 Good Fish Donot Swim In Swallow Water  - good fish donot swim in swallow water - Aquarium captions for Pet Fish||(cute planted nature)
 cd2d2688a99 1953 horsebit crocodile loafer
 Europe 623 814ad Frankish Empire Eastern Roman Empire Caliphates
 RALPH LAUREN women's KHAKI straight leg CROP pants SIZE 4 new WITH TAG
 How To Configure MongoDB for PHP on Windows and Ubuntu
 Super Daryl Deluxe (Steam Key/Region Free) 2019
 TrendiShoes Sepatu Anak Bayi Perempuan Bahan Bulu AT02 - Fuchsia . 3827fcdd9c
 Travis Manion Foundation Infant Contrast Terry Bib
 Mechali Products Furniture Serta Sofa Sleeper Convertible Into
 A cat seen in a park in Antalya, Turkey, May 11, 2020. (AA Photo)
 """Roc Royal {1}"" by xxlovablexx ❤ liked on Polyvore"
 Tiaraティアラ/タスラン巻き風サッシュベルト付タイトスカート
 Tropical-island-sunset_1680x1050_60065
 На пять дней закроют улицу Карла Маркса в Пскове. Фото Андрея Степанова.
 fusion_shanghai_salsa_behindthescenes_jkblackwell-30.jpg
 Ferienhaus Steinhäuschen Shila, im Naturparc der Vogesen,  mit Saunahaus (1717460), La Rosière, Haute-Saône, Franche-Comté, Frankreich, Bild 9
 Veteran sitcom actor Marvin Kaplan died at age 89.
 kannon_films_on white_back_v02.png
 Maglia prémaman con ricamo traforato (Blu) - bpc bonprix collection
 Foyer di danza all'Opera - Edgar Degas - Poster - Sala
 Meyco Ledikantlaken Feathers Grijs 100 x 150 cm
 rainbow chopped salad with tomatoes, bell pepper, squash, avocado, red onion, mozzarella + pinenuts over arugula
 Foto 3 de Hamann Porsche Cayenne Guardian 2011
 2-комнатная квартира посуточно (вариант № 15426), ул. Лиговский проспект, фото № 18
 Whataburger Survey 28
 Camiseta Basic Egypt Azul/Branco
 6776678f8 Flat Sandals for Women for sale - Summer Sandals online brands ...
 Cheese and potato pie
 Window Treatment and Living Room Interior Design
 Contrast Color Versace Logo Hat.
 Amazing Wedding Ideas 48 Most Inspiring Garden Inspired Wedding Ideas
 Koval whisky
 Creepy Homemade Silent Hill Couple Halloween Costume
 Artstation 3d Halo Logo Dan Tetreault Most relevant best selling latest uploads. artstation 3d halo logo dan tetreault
--------------------
Work item: Each line above is to be reproduced exactly. Leave none out.

Exercise answer:
 Good Fish Donot Swim In Swallow Water  - good fish donot swim in swallow water - Aquarium captions for Pet Fish||(cute planted nature)
 cd2d2688a99 1953 horsebit crocodile loafer
 Europe 623 814ad Frankish Empire Eastern Roman Empire Caliphates
 RALPH LAUREN women's KHAKI straight leg CROP pants SIZE 4 new WITH TAG
 How To Configure MongoDB for PHP on Windows and Ubuntu
 Super Daryl Deluxe (Steam Key/Region Free) 2019
 TrendiShoes Sepatu Anak Bayi Perempuan Bahan Bulu AT02 - Fuchsia . 3827fcdd9c
 Travis Manion Foundation Infant Contrast Terry Bib
 Mechali Products Furniture Serta Sofa Sleeper Convertible Into
 A cat seen in a park in Antalya, Turkey, May 11, 2020. (AA Photo)
 """Roc Royal {1}"" by xxlovablexx ❤ liked on Polyvore"
 Tiaraティアラ/タスラン巻き風サッシュベルト付タイトスカート
 Tropical-island-sunset_1680x1050_60065
 На пять дней закроют улицу Карла Маркса в Пскове. Фото Андрея Степанова.
 fusion_shanghai_salsa_behindthescenes_jkblackwell-30.jpg
 Ferienhaus Steinhäuschen Shila, im Naturparc der Vogesen,  mit Saunahaus (1717460), La Rosière, Haute-Saône, Franche-Comté, Frankreich, Bild 9
 Veteran sitcom actor Marvin Kaplan died at age 89.
 kannon_films_on white_back_v02.png
 Maglia prémaman con ricamo traforato (Blu) - bpc bonprix collection
 Foyer di danza all'Opera - Edgar Degas - Poster - Sala
 Meyco Ledikantlaken Feathers Grijs 100 x 150 cm
 rainbow chopped salad with tomatoes, bell pepper, squash, avocado, red onion, mozzarella + pinenuts over arugula
 Foto 3 de Hamann Porsche Cayenne Guardian 2011
 2-комнатная квартира посуточно (вариант № 15426), ул. Лиговский проспект, фото № 18
 Whataburger Survey 28
 Camiseta Basic Egypt Azul/Branco
 6776678f8 Flat Sandals for Women for sale - Summer Sandals online brands ...
 Cheese and potato pie
 Window Treatment and Living Room Interior Design
 Contrast Color Versace Logo Hat.
 Amazing Wedding Ideas 48 Most Inspiring Garden Inspired Wedding Ideas
 Koval whisky
 Creepy Homemade Silent Hill Couple Halloween Costume
 Artstation 3d Halo Logo Dan Tetreault Most relevant best selling latest uploads. artstation 3d halo logo dan tetreault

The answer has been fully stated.